After that, I cast around for what else might be easy. Pillowcases, I decided. I would make everyone pillowcases. Like, Christmas pillowcases, special ones just for Christmas. And I disappeared into the dining room, where I’d set up my machine. I ironed and French-seamed and ironed and pinned and suddenly I wasn’t freaking out about deadlines or my husband being late coming home or life in general. I was happy, humming along, hiding from the world.
Because I suffer from moderate to severe anxiety, a good part of my life is spent freaking out about details no one else notices, like the clutter on the kitchen table or whether my dog will look stupid at obedience class or if my husband will die a fiery crash on the way home from work at 4:15 on a Tuesday afternoon. I worry that the kids are getting sick; I fret about the flu.
But most of all, I have social anxiety, which extends into digital social anxiety. Facebook triggers me. So does every other type of social media. The news triggers me because I think we’re all going to die in a nuclear holocaust or immigrants are dying of heatstroke in trucks on the border or women are dying by the hands of their abusive husbands. Then there’s #MeToo and all the scumbags whose asses are now totally canceled.
But if I’m sewing, I’m on Facebook. No one is telling me about the latest Donald Trump horribleness or which celebrity we’d discovered had molested underage girls. I could be on Pinterest. For patterns. And you don’t really have to interact with humans on Pinterest if you ignore your notifications.
So I kept at it. My husband graded papers while the kids destroyed the house. They’d been enriched all day homeschooling and going to the park, so what was the big deal? They were happy. I suddenly wasn’t parenting, without a break, from 7 am until 9:30 pm. My drawers were stuffed full of recycled clothing efforts.
I sewed. And sewed. And sewed. Because suddenly I wasn’t scared anymore.
But I knew I was sewing too much. I missed my kids. I felt left out too. My husband would take the kids to the park without me, with the words, “You stay home and sew.” He knew what it was doing for me.
But if it wasn’t sewing, it would be reading. I can tear through a novel in a day, given the motivation, and anxiety certainly gives you the motivation to burrow into a book. My in-laws gifted me a juicy biography for Christmas (my MIL and I share an obsession with the British royals), and I found myself sneaking down to the basement or up to the bedroom to devour depressing details of a royal childhood at Gordonstoun or a raucous love life pre-Diana.
Yes, I ditched my husband with the kids, because they were cooped up and stressing me out — throwing blocks everywhere and whining in someone else’s house, demanding things I couldn’t locate and brawling with someone else’s small dogs while watching a TV I couldn’t operate. I didn’t know the city and couldn’t just drive to Target. I was chewing my cuticles and picking the skin around my thumbs until I found a book and started hiding.
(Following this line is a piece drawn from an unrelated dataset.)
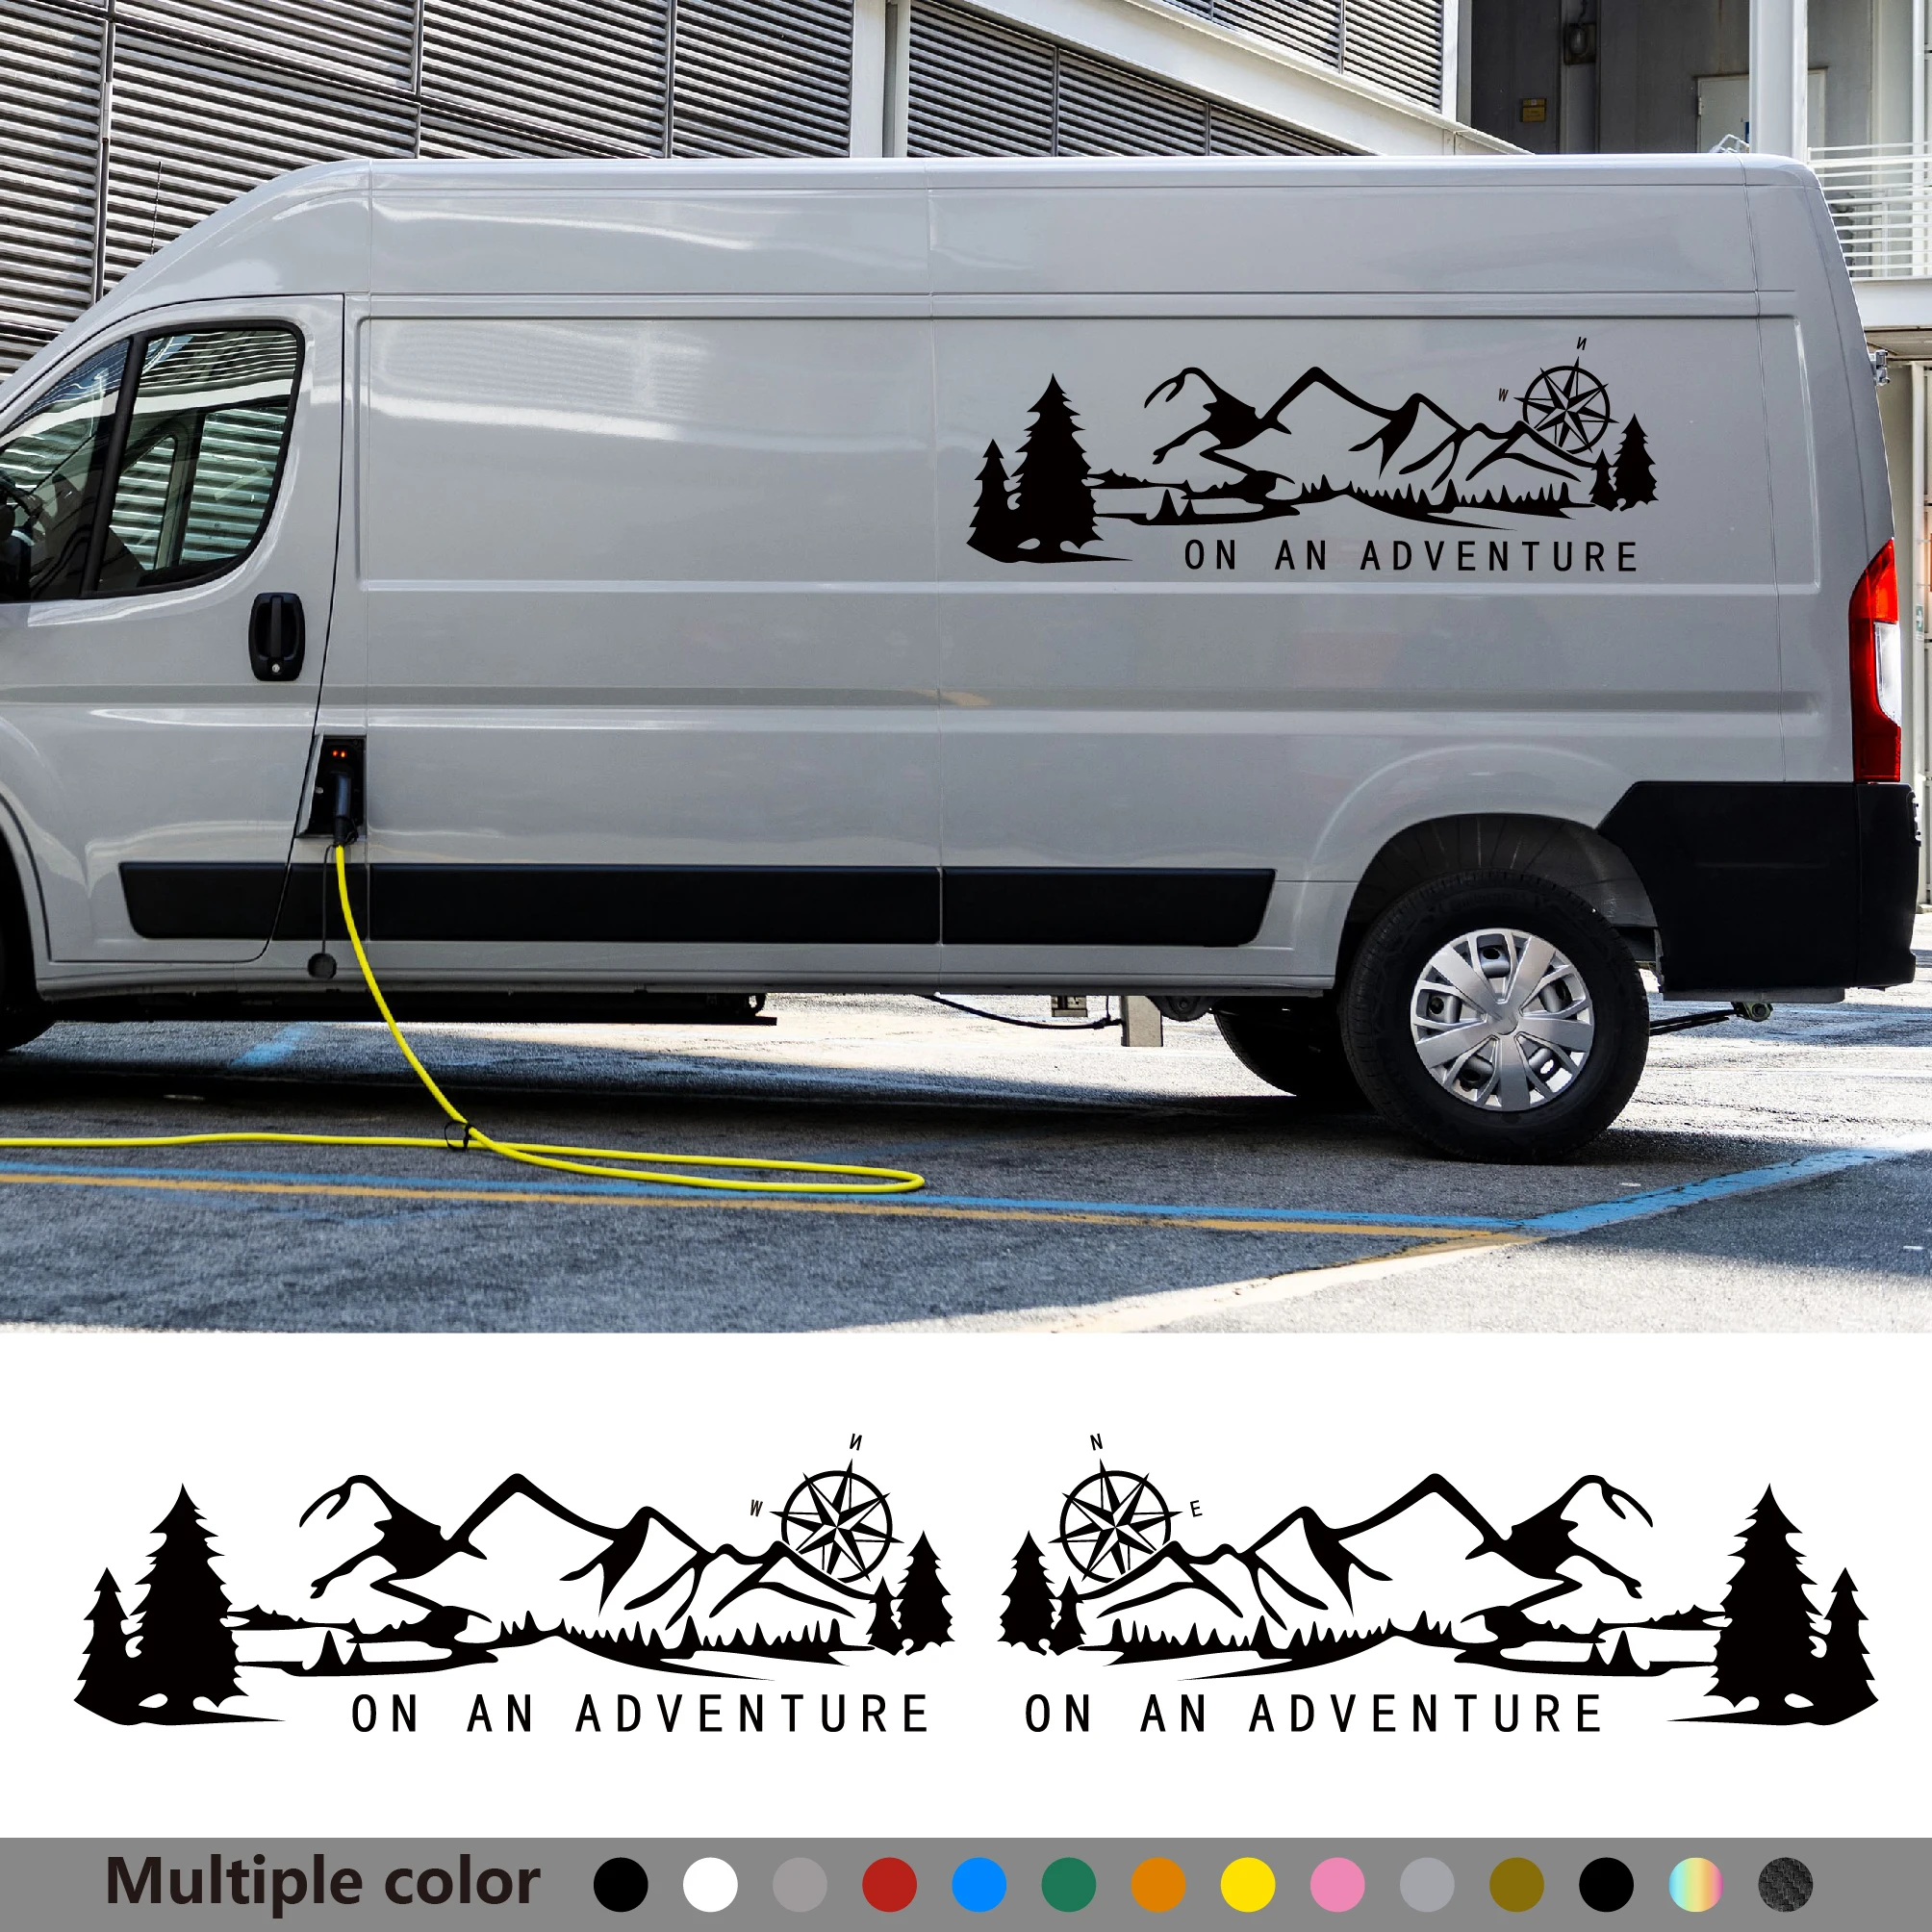 

2pcs Compass Mountain Camper Rv Van Truck Car Sticker Decal For Caravan Motorhome Travel Auto Decoration Vinyl Film Cover

None of this is uncommon. People with anxiety, both medicated and unmedicated — and I am medicated to the gills — find ways to cope. And one of the most common ways to cope is to go all-in on something, perhaps to the detriment of the rest of our lives. In the past, I’ve memorized all of the musical Hamilton, crocheted everything from tiny baby hats to enormous blankets, and obsessively attachment-parented my children. All of these things gave my brain a focus away from the things that triggered it, from the terrors that dropped me to my knees (literally). They stopped me from screaming, because my anxiety often turns into inchoate rage.
But these obsessions often led to overspending too. On yarn, with the crocheting. On books, with the reading. On online shopping. Right now, on “fabric” (read: clothing) from Goodwill that I can upcycle, and trimmings from the actual fabric store. It all adds up.
I do actually miss my kids sometimes. But my oldest wants to learn to sew, so we’re going to start work on the quilt I pieced out from scraps.
It also may prevent me from actually coping. I probably need to deal with some real feelings related to #MeToo. I need to cope with some actual thoughts about having the president we have, and take some real civic action that would make a difference, not sit in a room, with a sunny window and happily humming machine. I need to do some work about why Facebook is such a trigger, especially certain people on Facebook, and figure out how to manage some of that social anxiety instead of sewing, sewing, sewing.
But my machine is there. It’s so shiny, so comforting in its loud hum, its logical progression of stitches. I have pins, an iron. There is order here, even if it doesn’t seem like it, compared to the messiness and fear in the world. And right now, at this point in my life, I need the order. I need the fixation. I need the comfort of a well-made zigzag stitch, the knowledge of when to use what needle when I can’t figure out if a comment on Facebook is funny or weird.
It might not be healthy. But I need this to cope right now, sometimes just to get through the day.